CAN HE DO THAT? A Wallsplainer!

Long story short ... eh?

YEAH, HE CAN PROBABLY DO IT. He's probably going to raid funds set aside for military construction and housing to build his stupid Fuck You Mexico monument. Our best hope is to tie this shit up in the courts until 2021, when we send his flabby ass packing off to Florida permanently, God willing and the crick don't rise. Sorry it's not better news.

OMG, What Is Even Happening?

Well, earlier this week, Congress hammered out a compromise budget and crossed their fingers hoping that Sean Hannity would sign off on it and not shut the government down again. Looks like that goat they sacrificed in the Senate cloakroom must have done the trick, because the government will remain open.

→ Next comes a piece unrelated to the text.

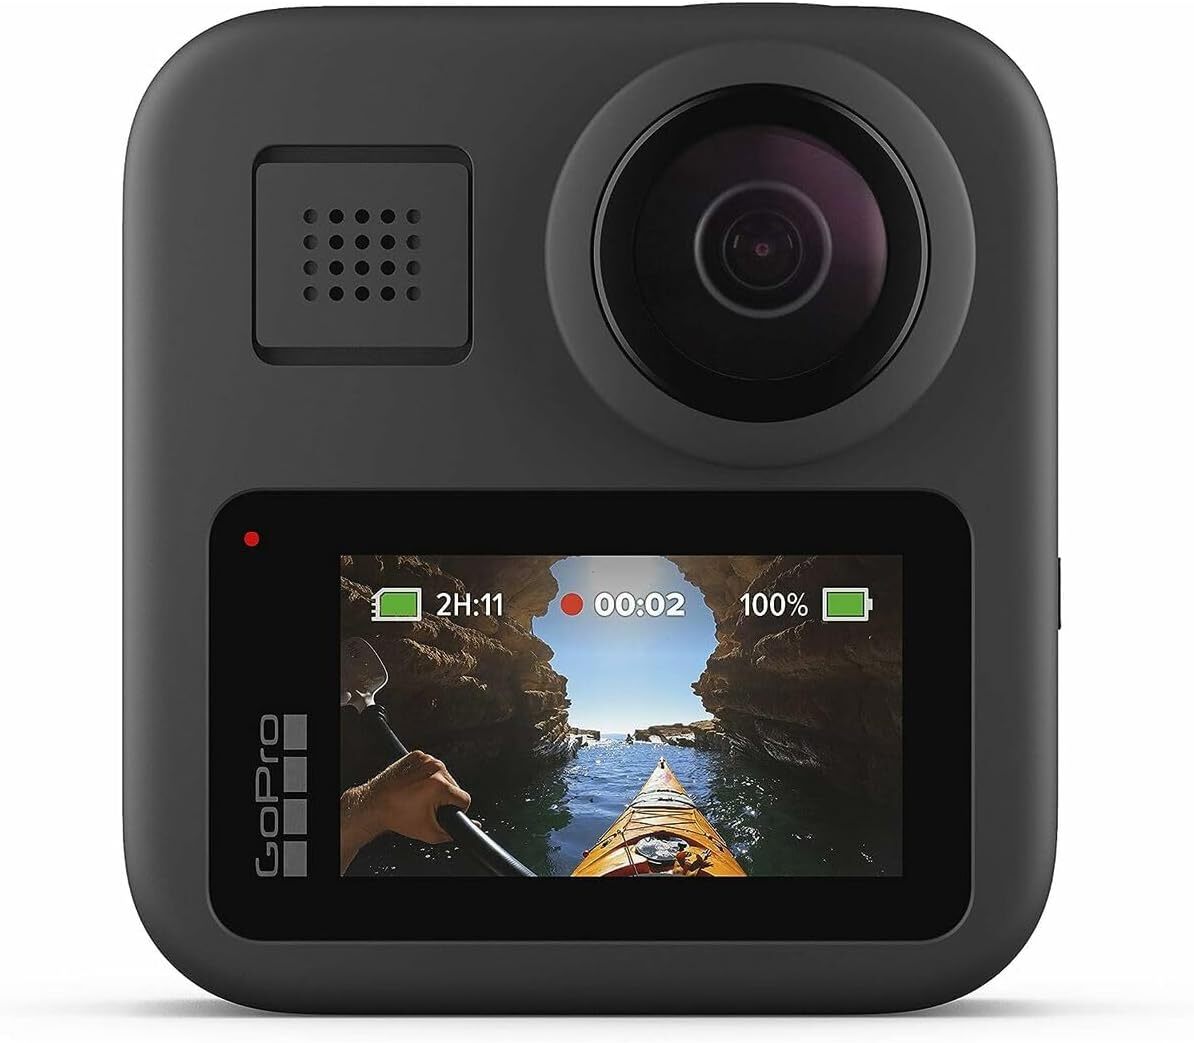 Caméra sport embarquée étanche GoPro HERO8 - Écran Tactile - Vidéo HD 4K -  Image 12 MP - Cdiscount Appareil Photo

But everything has a price, and President Couch Potato refused to sign unless Mitch McConnell agreed to support a national emergency declaration for WALL. So Yertle inched back to the Senate where he interrupted a pissed-off Chuck Grassley to announce the joyous news that their party had WON! Or, you know, "won." Not only did they get their budget blessed by the Dear Leader, they also were getting a shiny new usurpation of congressional authority, HOORAY! Literally no one was fooled -- they all knew McConnell had gotten played, and they were about to be yanked ever deeper into the cold abyss. Which is what happens when you lash your party to a giant sea demon racing toward the bottom of an ocean of corruption. You pays your money, and you takes your chances.